Plus, in the L.A. Times: In some courts, Dylan rules.
Or that Rolling Stone magazine and AARP’s magazine seem increasingly like identical products.
In his must-read essay “Establishment Blues,” Walter Russell Mead lays out some of the causes as to the impact of the Boomers running the asylum, and concludes:
The French aristocrats laughed at the manners and the morals of the common people and ridiculed the faith that lit the darkness and softened the harsh conditions of ordinary lives. Enlightened and cosmopolitan, the establishment mocked the attachment of the ignorant peasants to the king. The well educated, well connected elites accepted no limits on their ability to convert their social privilege into personal wealth; they accepted no limits on the gratification of their physical desires — flaunting their romantic affairs in the same spirit in which they feasted at Versailles while the gaunt peasants starved. They used and abused to the fullest all the privileges that came with their status while mocking and rejecting any sense of duty and obligation.
It was fun while it lasted.
Of course, that analogy is a reminder that things might not automatically get better when the current aristocracy surrenders their power, either through age or through the ballot box. It’s not a coincidence that Jonah Goldberg’s Liberal Fascism effectively begins with the French Revolution, which he dubbed “the first totalitarian revolution:”
Whatever else it may have been, however, one thing is clear: the French Revolution was the first totalitarian revolution, the mother of modern totalitarianism, and the spiritual model for the Italian Fascist, German Nazi, and Russian Communist revolutions. A nationalist-populist uprising, it was led and manipulated by an intellectual vanguard determined to replace Christianity with a political religion that glorified “the people,” anointed the revolutionary vanguard as their priests, and abridged the rights of individuals. As Robespierre put it, “The people is always worth more than individuals…The people is sublime, but individuals are weak”—or, at any rate, expendable.

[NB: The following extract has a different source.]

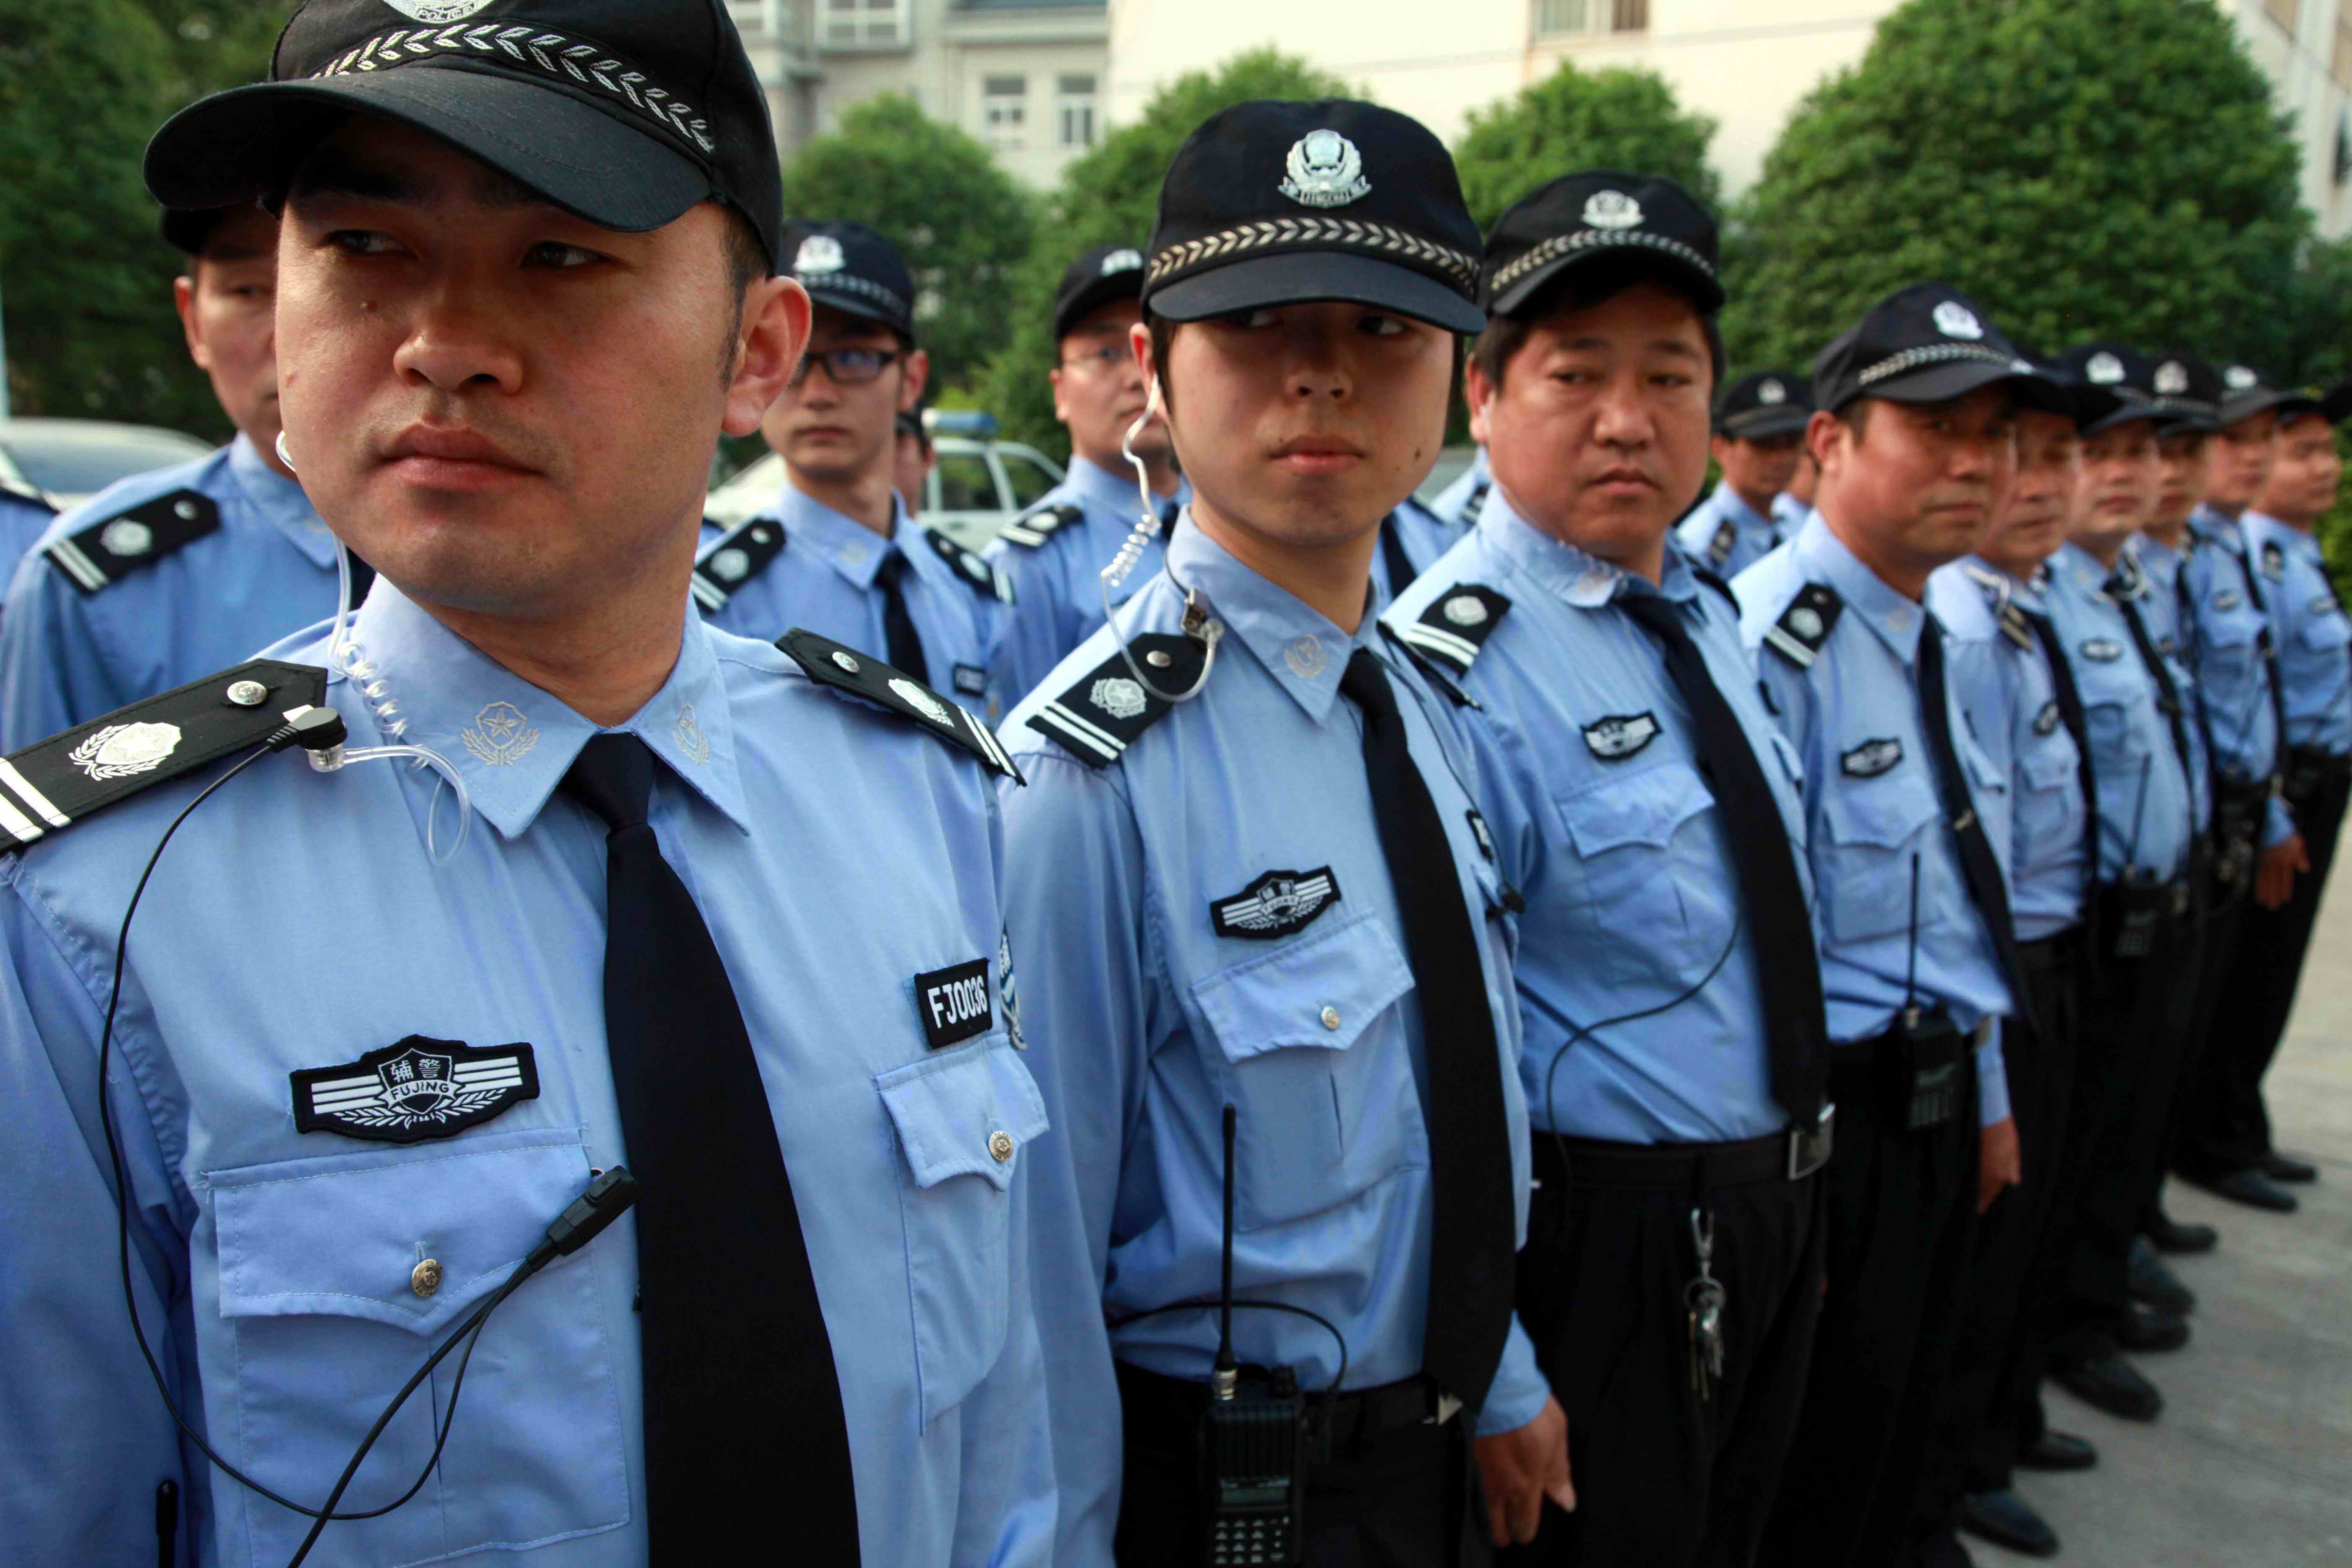 24小时在岗在位—记西安市公安局“优秀女辅警” - 西部网（陕西新闻网）
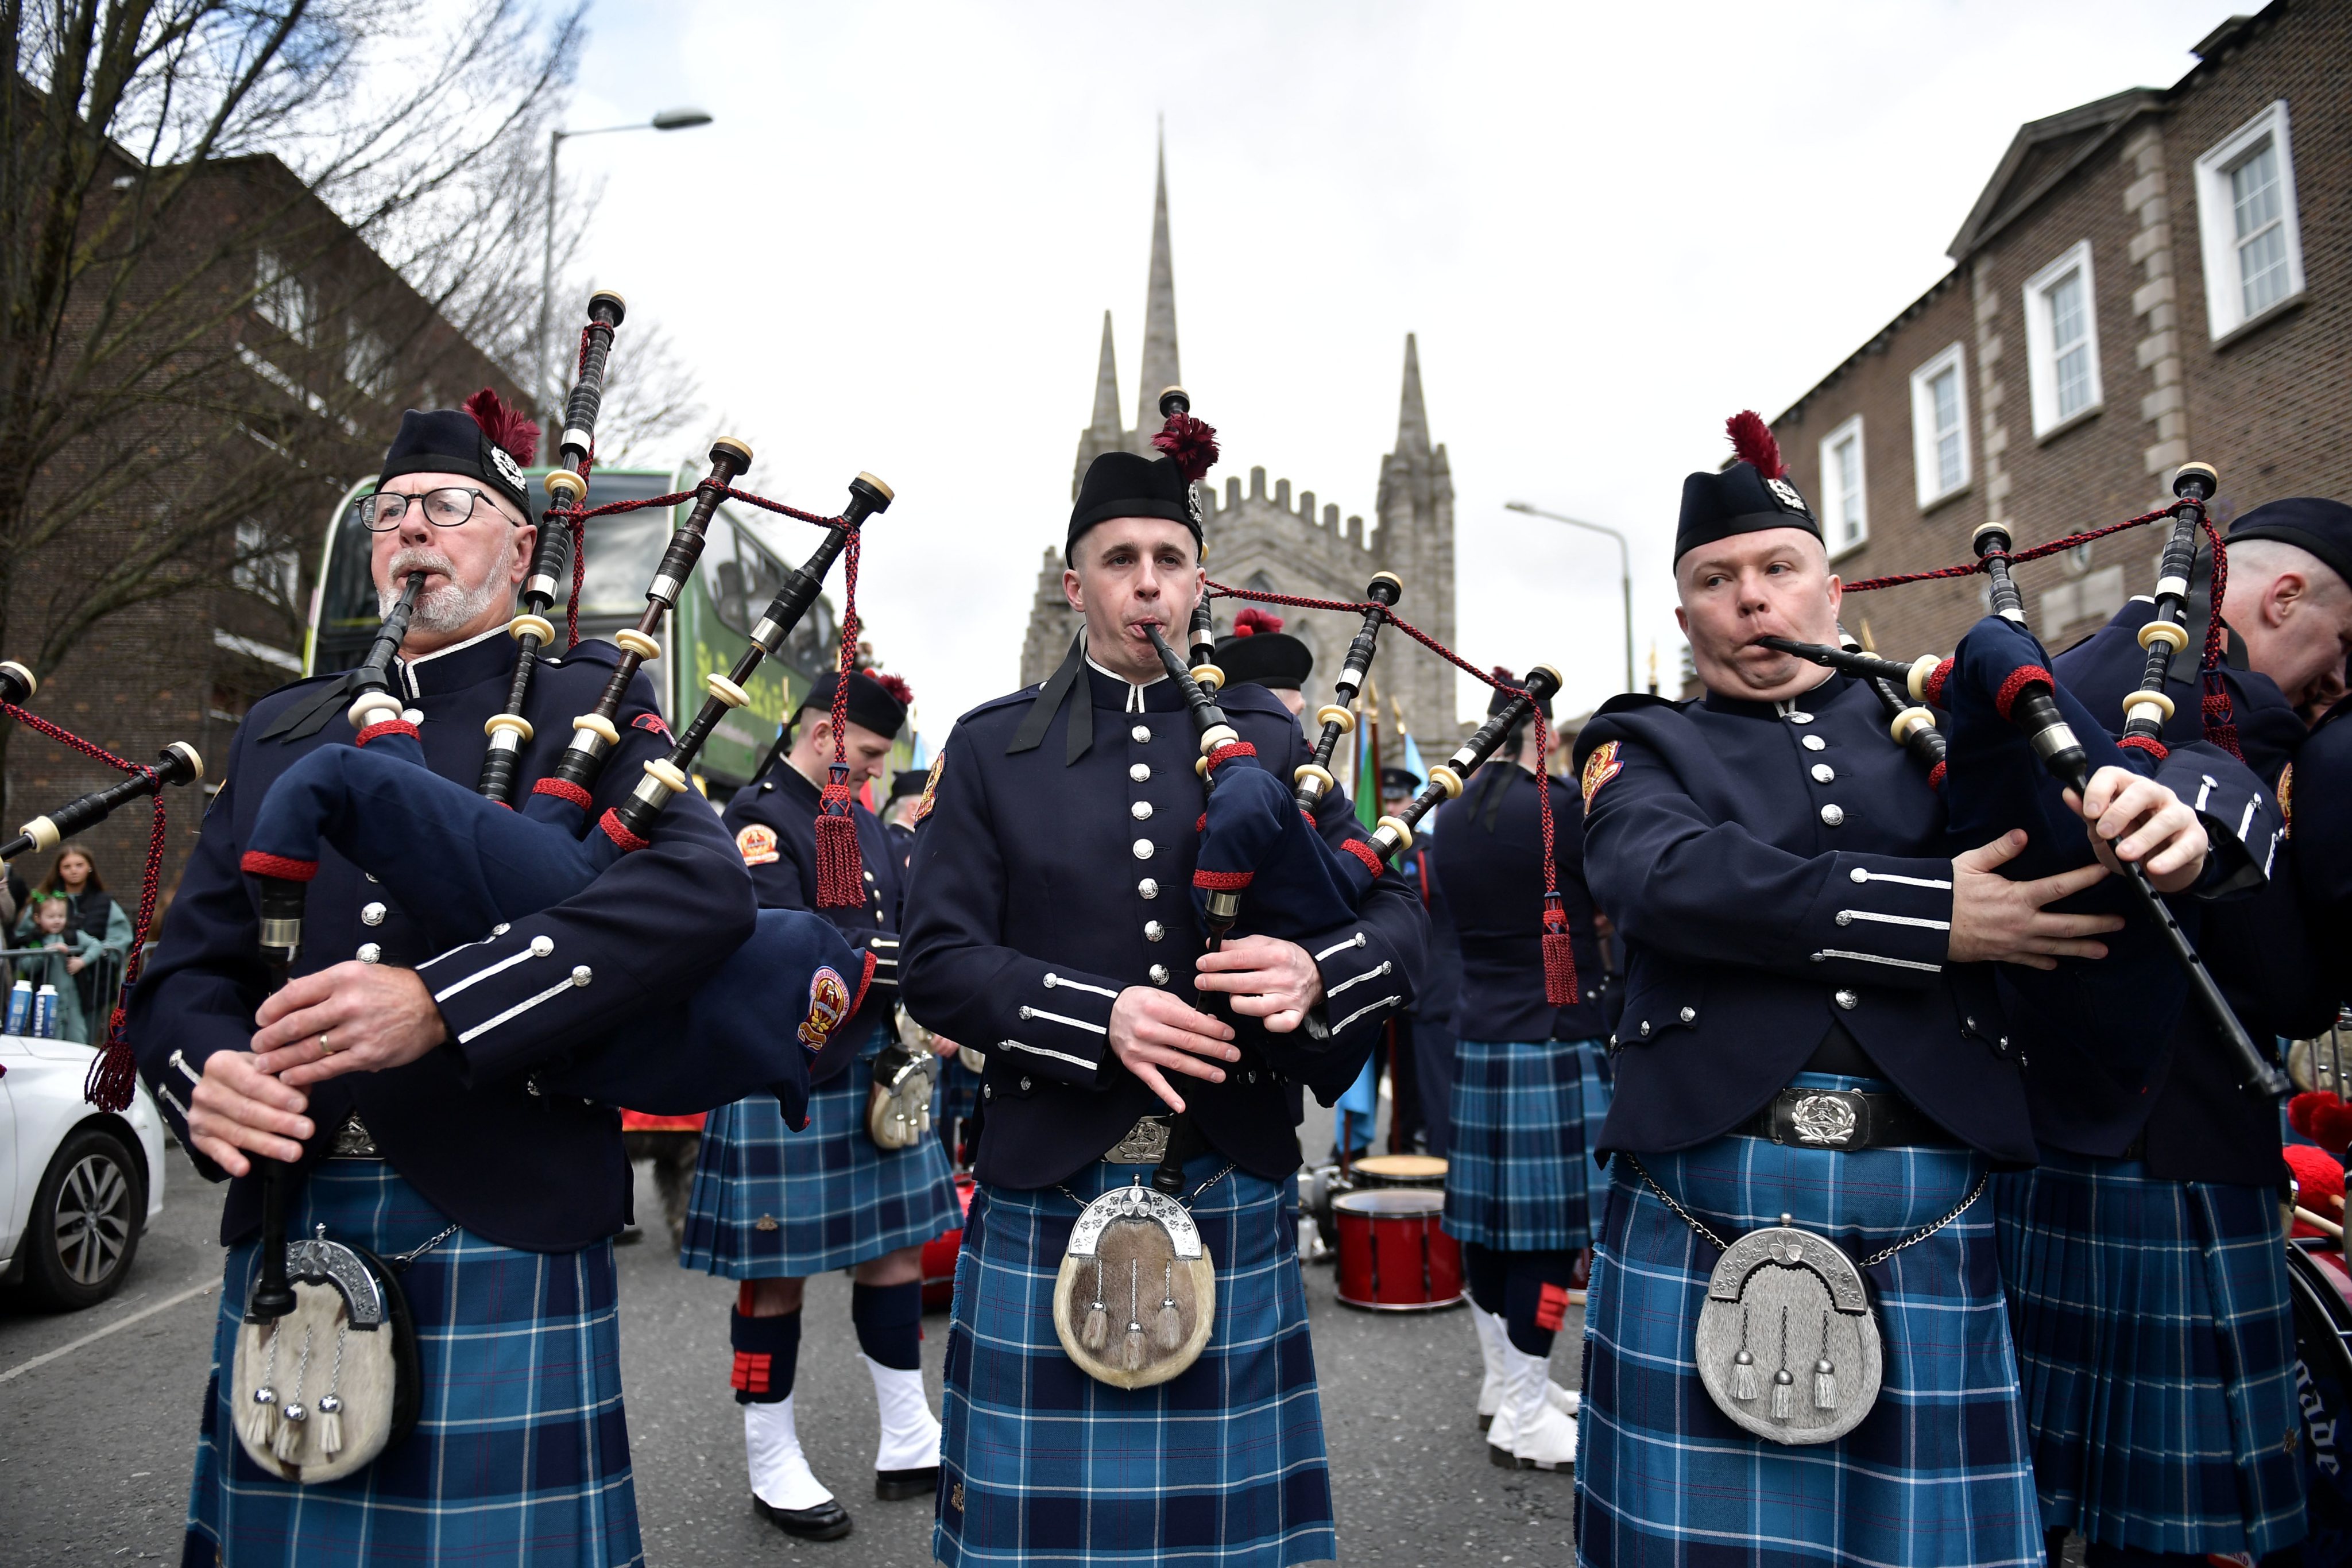 Uma banda de gaitas-de-foles na marcha do Dia de São Patrício em Dublin, na Irlanda

But then, that sounds very much like today’s current Ruling Class Left, and it’s a reminder that our culture wars are as much about class as they are about the historic divide between Democrats and Republicans. Check out this quote from CNBC’s mad money man, Jim Cramer, as highlighted earlier today by Glenn Reynolds: “I was very anti-Bush. I’m a Democrat, I’ve got the canceled checks to prove it, and suddenly I’m the enemy? Me? Me?”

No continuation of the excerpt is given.